Is the devil dressed in greed? Greed stimulates corruption, which promotes self-alienation, facilitates systemic failure, worsens inequality, and generates false pledges and divide-and-conquer policies. Despite the United Nations’ (UN) existence for much of a century, most countries continue to exploit and compete for cheap labor, causing poverty rates to climb. Most UN member states and other affiliated and international organizations have institutionalized bad governance, corporate abuse, and social injustice to benefit themselves, thus committing institutional crimes and aiding the global elite in a vicious conspiratorial cycle. The entire UN system has harnessed a mafia-like culture of power with impunity in intermestic affairs to control human experience and generate authoritarian paradigms. This in turn stimulates psychological captivity, irrational preferences, and negative herd behavior and divides nations both internationally and domestically. A literature-based transdisciplinary study was conducted to substantiate these assertions and to propose feasible systemic solutions that point toward humanistic paradigms by cultivating psychological freedom and implementing good governance. In this way, the related cognitive processes can be systemically and intermestically amended while resolving the structural weaknesses of the UN, eliminating inequality, uniting nations internationally and domestically, and developing a peaceful, just, and sustainable world order.
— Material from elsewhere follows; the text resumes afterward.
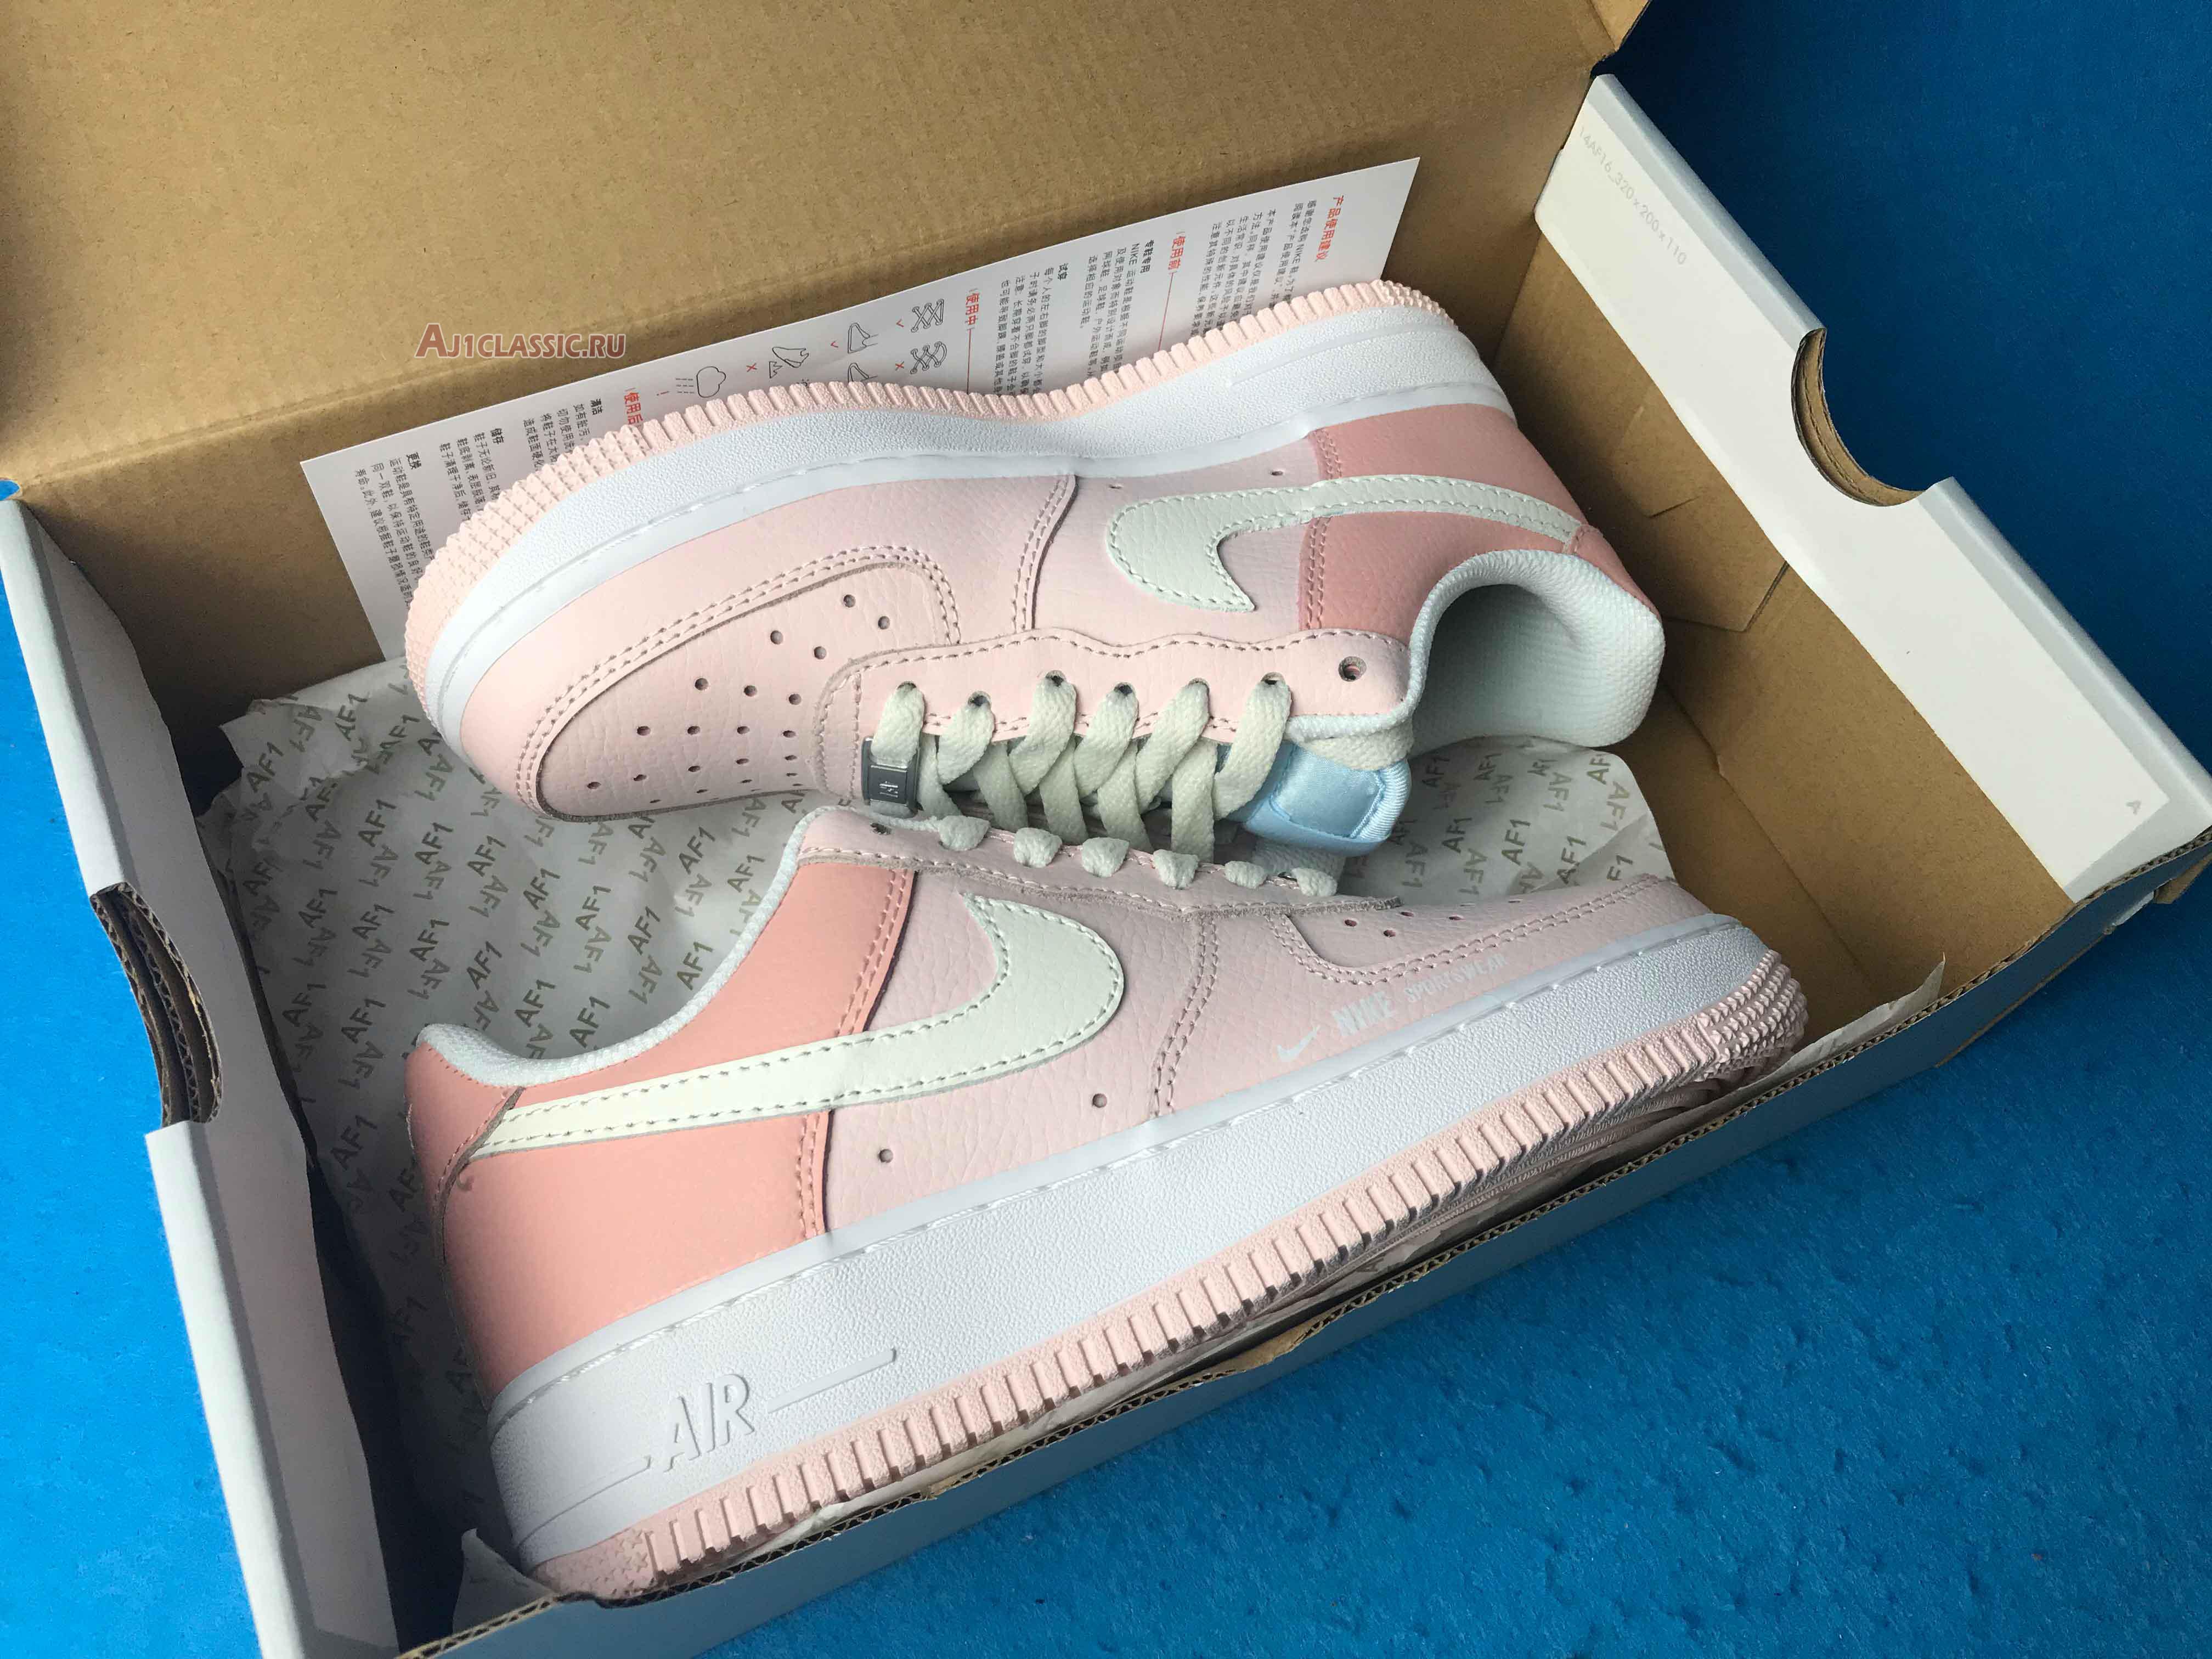 Nike Air Force 1 Low Utility Force is Female CK4810-621 Echo Pink/Sail Sneakers

Is the devil dressed in greed? From greed, corruption gains, self-alienation dominates, the system fails, inequality exacerbates, and false pledges play the divide-and-conquer game. I wondered how governments worldwide are allowed to act as they please, while becoming increasingly involved in systemic failure, and still get away with it. The entire United Nations (UN) system and its greedy leaders are collectively responsible for harnessing a mafia-like culture of power to control the human experience and generate authoritarian paradigms. This, in turn, stimulates psychological captivity and negative herd behavior and divides nations both internationally and domestically. A transdisciplinary study was conducted to propose feasible solutions that point toward humanistic paradigms by cultivating psychological freedom and implementing good governance. In this way, the related cognitive processes can be amended while resolving the UN’s structural weaknesses, eliminating inequality, uniting nations both internationally and domestically, and developing a peaceful, just, and sustainable world order.